Everyone wants to make money in the stock market so we’re going to let you in on a secret. The way to make $1 million on Wall Street is to start with $2 million. If you’ve been around the markets for a while, you likely chuckled when you read that old saw, which is as true today as it was eons ago when it was first used to illustrate one of the cardinal rules of investing: it’s a hard way to make a living.
Advisors know this perhaps better than anyone. And this is why so many advisors routinely play armchair psychiatrist with their clients, trying to keep them from making decisions sparked by the market’s only two emotions: fear and greed.
Yet, there is a pathway between those two opposing polarities that anyone can use to better navigate the market: risk management. This discipline is totally absent from most portfolios owned by individual investors, even though it is a key part of institutional portfolios. If you think that’s a crazy omission, you’re not alone, but most people do not know that they can manage risk because they don’t properly think about investing.
In a recent Barron’s interview, a Columbia University professor shared an insight that is worth pondering. The professor, when recounting his experience recommending stocks to money managers like Mario Gabelli, said that once a manager’s greed was triggered by an idea that their sense of fear kicked in. Those investors immediately began thinking how much risk they would take to make a potential return. The opposite is true for many others who usually only consider risk, if at all, when they have lost money. We think that needs to change.
Consider the lesson of Larry Fink. The Blackrock founder is reportedly “perpetually neurotic” about risk and it has served him well. His company, founded in 1988, is now the world’s largest asset management firm with almost $7 trillion under management. Many reasons contributed to the firm’s success, but risk management is widely cited as a top reason.
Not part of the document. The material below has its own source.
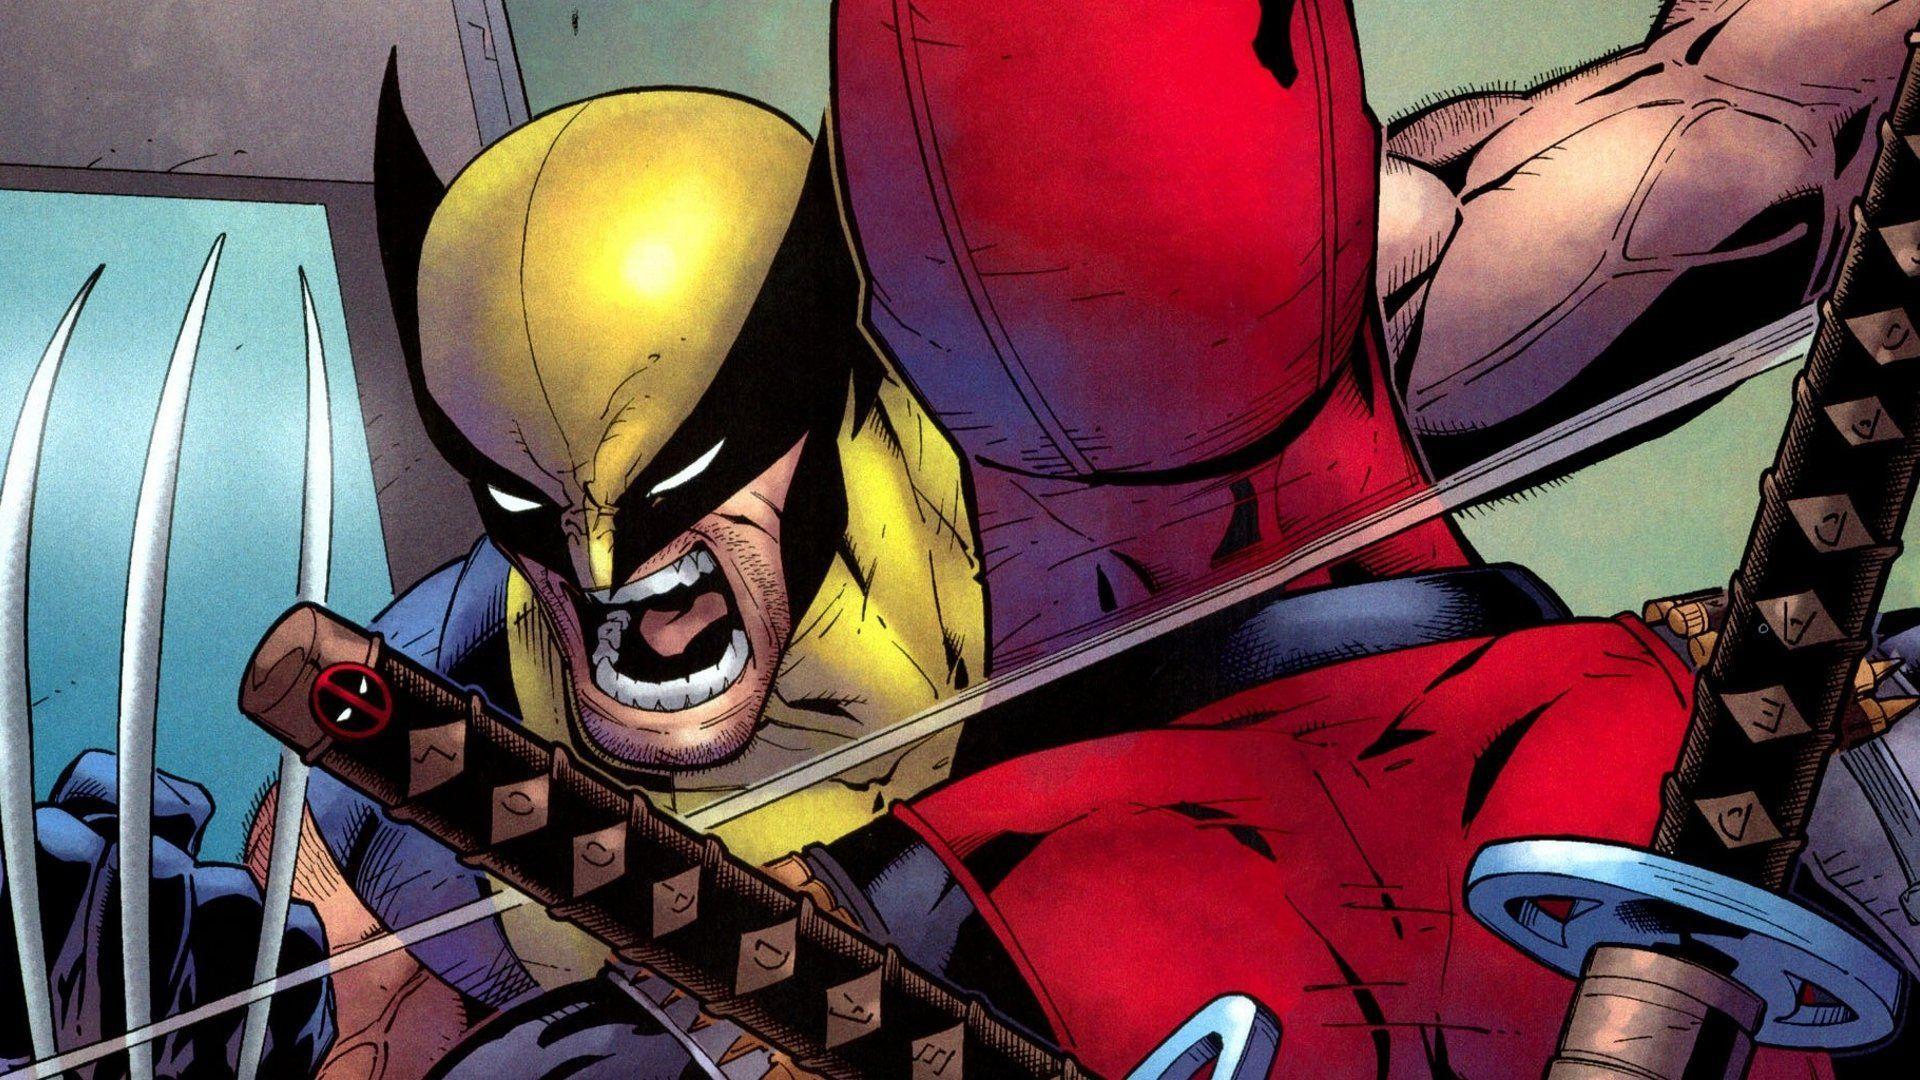 Wolverine Vs Deadpool Wallpapers Top Free Wolverine Vs Deadpool

When Fink was a young trader at First Boston, he lost $100 million and was shortly out of work, even though he had pioneered debt securitization. As he pondered what had happened, and why, he had an epiphany. Investors, he realized, often did not understand the risks that they were taking. He lost his job, after all, because he made a mistake evaluating interest rates. So, Fink and his colleagues founded Blackrock, and bought a little computer that has since become a very big computer, to help them and their clients analyze risk.
Now, we’re not suggesting that everyone who embraces risk management will become a global market statesman and manage trillions of dollars, but we are definitely suggesting this: if you don’t manage risk, you will be managed by risk, and you won’t like it.
Bottom line: Just as Socrates said the unexamined life is not worth living, the unexamined portfolio is not worth owning. So, we ask this: do you really know what’s in your portfolio? If not, we suggest you find out before Mr. Market shows you.